Welcome to my Metazoic site! This site discusses the existence of the creatures to come along after humans will be extinct. I first became interested in a world after man when I acquired my first copy of Dougal Dixon's After Man: A Zoology of the Future in 1992. However, I unwittingly created creatures that did not exist from the time I was about 8 years old. But it was after I obtained a copy of that book (now a collector's item) that I decided to take these same creatures I created as a child and make them more realistic in an evolutionary sense. Though it may be hard for a lot of us to grasp, humans will soon become extinct. One of the biggest factors of how this will happen is the current overpopulation rate. Which is why I don't contribute to the population. I created this world with little more than mammals fulfilling all ecological niches with the help of some friends. I even gave the era of the age after man a name, I called it the Metazoic, derived from the words for "After-era" (Meta, meaning after, and zoic meaning era). We are now in the Cenozoic era. To view all the animals I have created since I began this project, you can go to the "Meet the Mammals" section of this site. To discuss your own ideas about what you think will happen in the future world, and share your ideas with others, please feel free to leave a comment.
One more thing, some of you may find this site quite offensive, and you have a right to your own opinion. But please respect my right to have an opinion too. I'm not saying there is no GOD, I believe it was HIM who got the ball rolling. But I believe after that, evolution took over. There is so much more evidence of evolution than there is of creation. Even that going on right under our noses. Other than that, enjoy yourself and visit our many links.
Tuesday, January 27, 2009
Ancestor For All Animals Identified
Ancestor For All Animals Identified
Jennifer Viegas, Discovery News
Jan. 27, 2009 -- A sperm-looking creature called monosiga is the closest living surrogate to the ancestor of all animals, according to new research that also determined animal evolution may not always follow a trajectory from simple to complex.
Yet another find of the study, published in the latest PLoS Biology, is that Earth may have given rise to two distinct groups of animals: bilaterians -- animals with bilateral symmetry, like humans -- and non-bilaterians, which include corals, jelly fish, hydra, unusual, often poisonous, creatures known as cubozoans, and other organisms.
Free-living, unicellular organisms called choanoflagellates, however, could be on every person's family tree, so long as it was a gigantic one.
"It is clear that the choanoflagellates -- living representative is monosiga -- are the best candidate for the nearest relative of animals," co-author Rob DeSalle told Discovery News.
"So a choanoflagellate-like organism could be looked at as a probable common ancestor for animals," added DeSalle, curator at the Sackler Institute for Comparative Genomics at the American Museum of Natural History.
He and his colleagues compiled data from multiple gene sequences derived from many sources to find over 9,400 variable characters that contain parsimony information, which collectively refers to the shared, derived traits that help biologists infer species relationships on the tree of life.
They determined that so-called "simple" and "lower" tier animals, such as corals and jellyfish, evolved in parallel to "higher" animals, like seemingly more complex insects and even humans. On the tree of life, monosiga then currently holds the root position for the latter group.
The new research completely shakes up the non-bilaterian animal ordering. Previously it was thought that either super simple-structured or comb jellies were at the root of the non-bilaterian animal tree. Instead, complete outsiders -- placozoans -- have been placed in that basal position.
First discovered gliding along glass in laboratory aquariums just over 100 years ago, placozoans are animals that lack a nervous system and possess four types of body cells.

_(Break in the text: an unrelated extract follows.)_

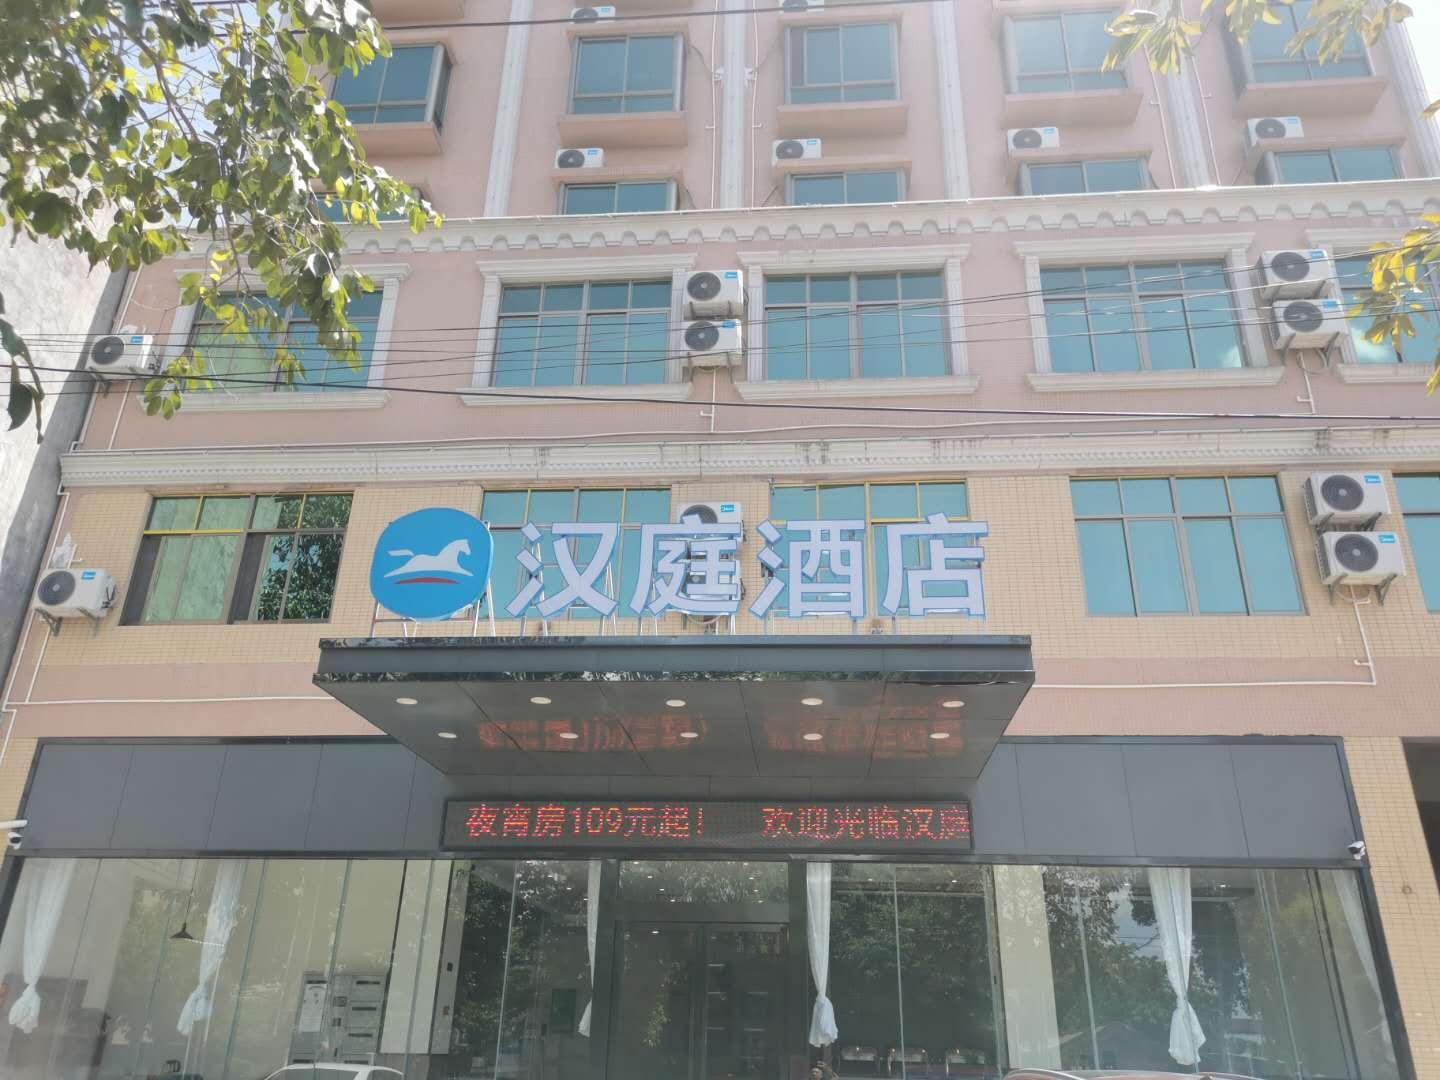 Exterior & Views 1, Hanting Hotel Ding'an County Renmin Hospital, Hainan

DeSalle explained that, "placozoa, because of their simple body plans and their position in our tree, are a good candidate for the common ancestor of non-bilaterian animals."
Although non-bilaterians and bilaterians appear to have followed separate evolutionary paths, nervous systems appear in both groups. Placozoans and sponges don't possess them, but many of their closely related taxa do.
"So this means that if our work is right, nervous systems evolved twice: Once in the lineage leading to bilateria and once in the lineage leading to corals, jelly fish, hydra and cubozoa," he said.
Neil Blackstone, professor of ecology and evolution at Northern Illinois University, told Discovery News, "There is no doubt that Rob and his colleagues are leaders in the study of evolutionary relationships among animals."
Blackstone agreed that, "evolution need not be progressive. Perhaps there are two fundamentally different kinds of animals."
He added, "This makes the early history and evolution of animals more, not less, interesting."